This far sight belongs only to philosophers. Statesmen in England act wisely in encouraging with all their power, the emigration of poor families, the foundation of new colonies, the extension of the old ones, and the employment of industry and national ambition outside of the small field offered by the mother country. There are now ten new Colonies which are beginning to flourish under the protection of the British government. I mention those in the Canadian Backwoods, and in Southern and Western Australia. The United States profit by the reception of immense numbers of Irish: workers, women, children, old men, throw themselves on board of vessels, cross the Atlantic, offer the feebleness or strength of their arms, are accepted, and die at the end of a few months or years, crushed by hard toil. They gain twice as much as they did at home, work six times as hard, and perish six times as soon. Their efforts are like combats. The American people in the course of its progress cares little for fatigue, nor for the existences devoured and absorbed by it. It walks or rather runs on; and be sure that it will not halt soon. Usurpation is easy to it, is necessary, almost fatal, in the sense of the Antique Destiny: we have seen with what facility, and irresistible motion Texas became part of the States.

English statesmen have a thousand motives for throwing their poor population into the woods of Canada, and to make of them an intervening rampart against the invasion of the American Confederation. They arm themselves against two

enemies at a time; against the old French population of Canada, and the Republicans of the States, who know so well how to act for their own advantage. It is in order to favor and increase these emigrations that the British government has published and profusely distributed "Letters of certain indigent Persons who have emigrated to Canada." They contain the most seductive and brilliant picture of the happiness which attends future emigrants; they promise a land of Cocagne, whose rivers roll o'er sands of gold, with farmhouses already built, and swarms of young Canadian girls awaiting them with open arms. This little untruth, a common political hoax, is very pardonable. It is much better for the poor workmen of England, Scotland and Ireland, to clear, in the sweat of their brows, a wild domain on the great Canadian Lakes, than to rest famished or to become criminal in the streets of Glasgow, Birmingham or London.

Men have counted the victims of ancient conquerors; have they thought of those of modern industry, generations made meagre, intellects knotted and dulled, the canuts of Lyons, the crazy men of Birmingham. Since the year 1818, the weavers and hand-spinners of Scotland and Northern England petition incessantly for a means of gaining a living. Every year parliament treats them as Don Juan does M. Dimanche, puts them off until next year, and so the matter drops.

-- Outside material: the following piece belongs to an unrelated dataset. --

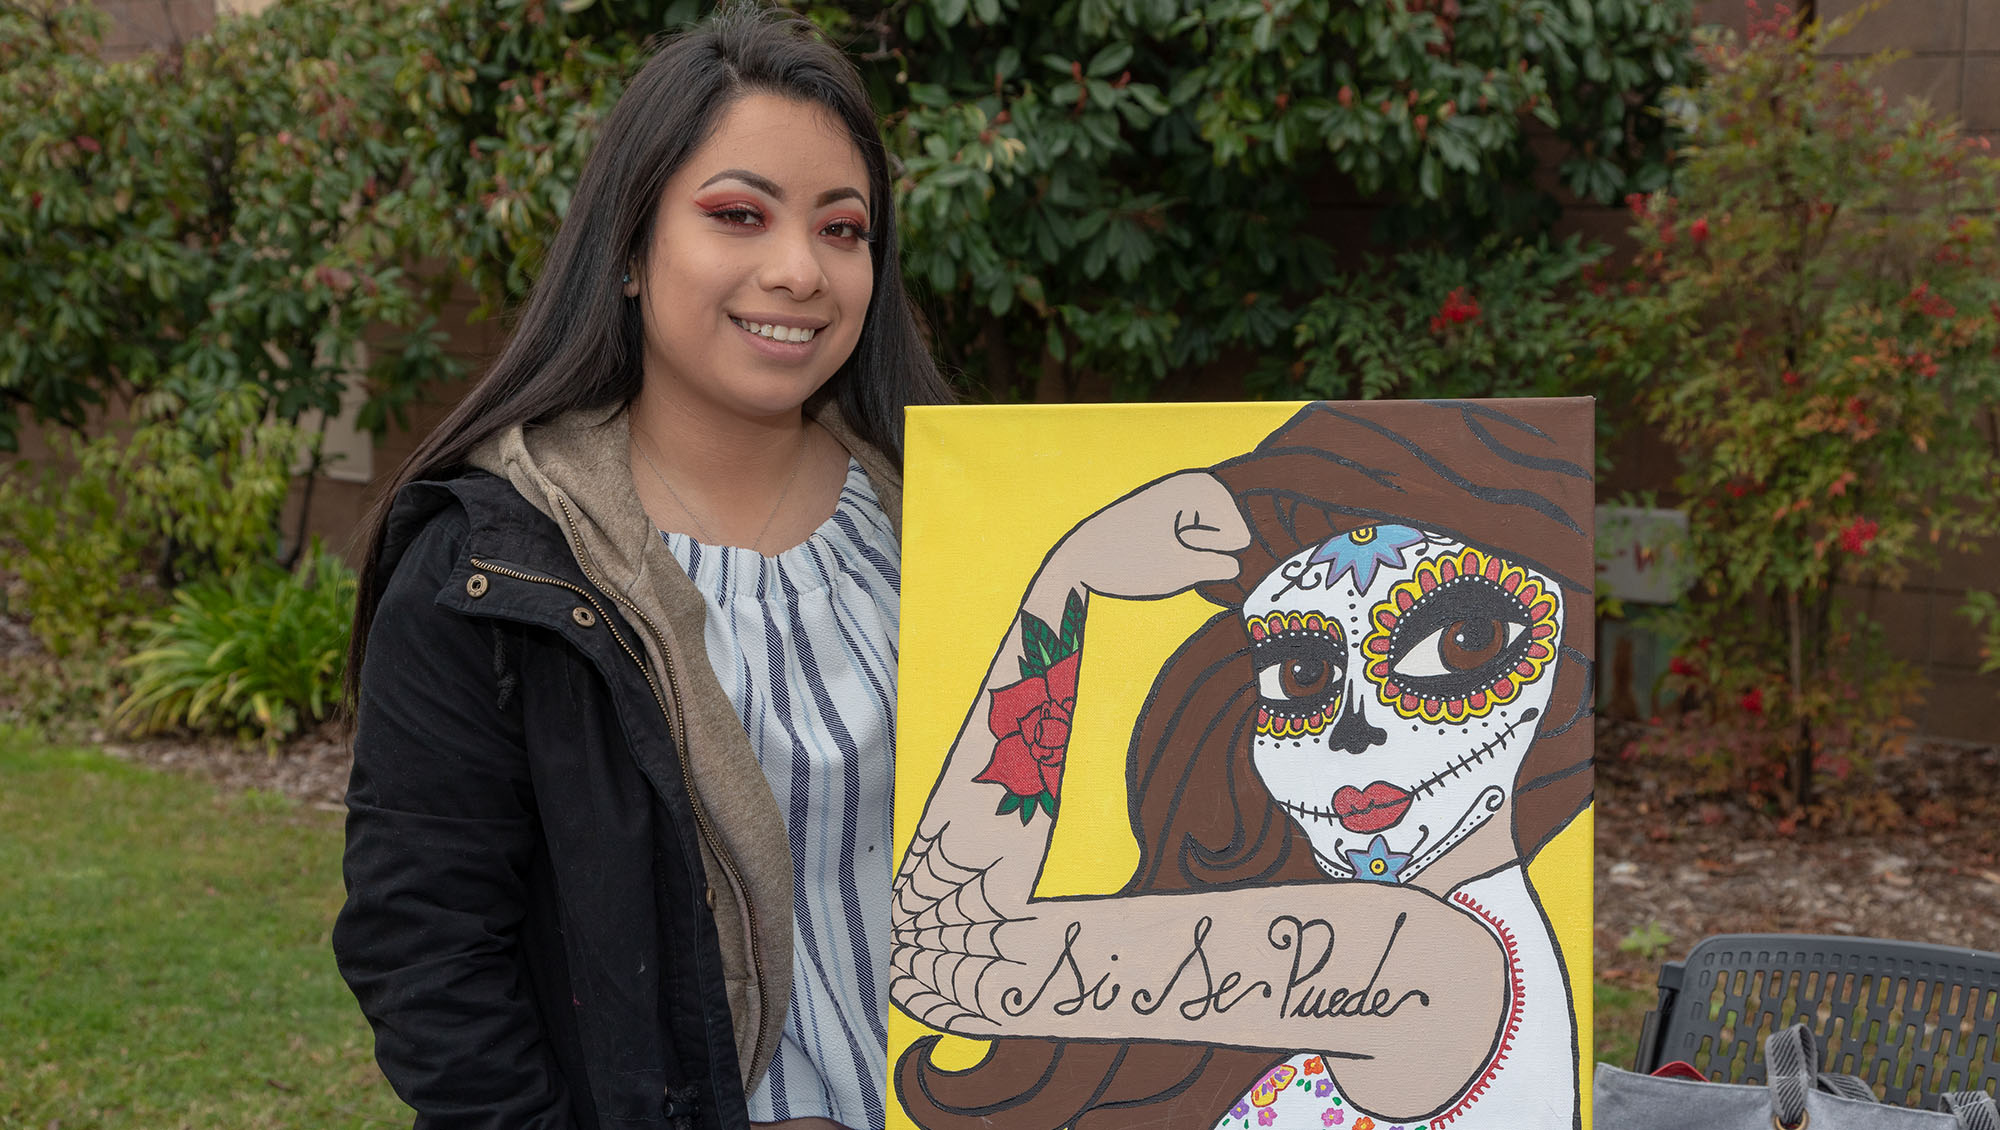 Sierra College graduate with her artwork named Si Si Puede

Nevertheless, machine labor, gigantic rival of human toil, continues its progress, and crushes in its route all who resist. "Destroy the machines," cry some journals and pamphlets."Favor emigration," say wiser politicians; it is the only remedy for exuberant population, for unemployed arms, for overstocked professions. Found colonies in good situations, fertile, peaceable; the money consecrated to that will be placed at heavy interest; the more your colonists are satisfied, the more will others be attracted; the more will you

lighten the burden of the metropolis. These advices are excellent. Colonies are admirable exutoires, useful to the metropolis even at the moment that they separate from it. Unfortunately, France has only been able to discover for others a proper territory for colonization without herself founding colonies.

We will not return to that sad old malady of our France which seems always destined to sow the seed of progress, but never to reap. England, on the contrary, is essentially a colonizing country. She must continue that work which created the United States, and carry it on with redoubled energy, activity and perseverance. She is notified of this necessity by facts hideously distinct.

There are three standing armies of paupers, Irish cotters, Sussex laborers, and Glasgow weavers; and these three form a mass of thirty thousand men, without any means of existence, without knowing where to get daily bread. You see, say the parliamentary reports, troops of thirty or forty workmen, who go from one end of England to the other, looking for work, asking alms on the road, picked up by the police officers, and happy to get the black bread of the parish workhouse.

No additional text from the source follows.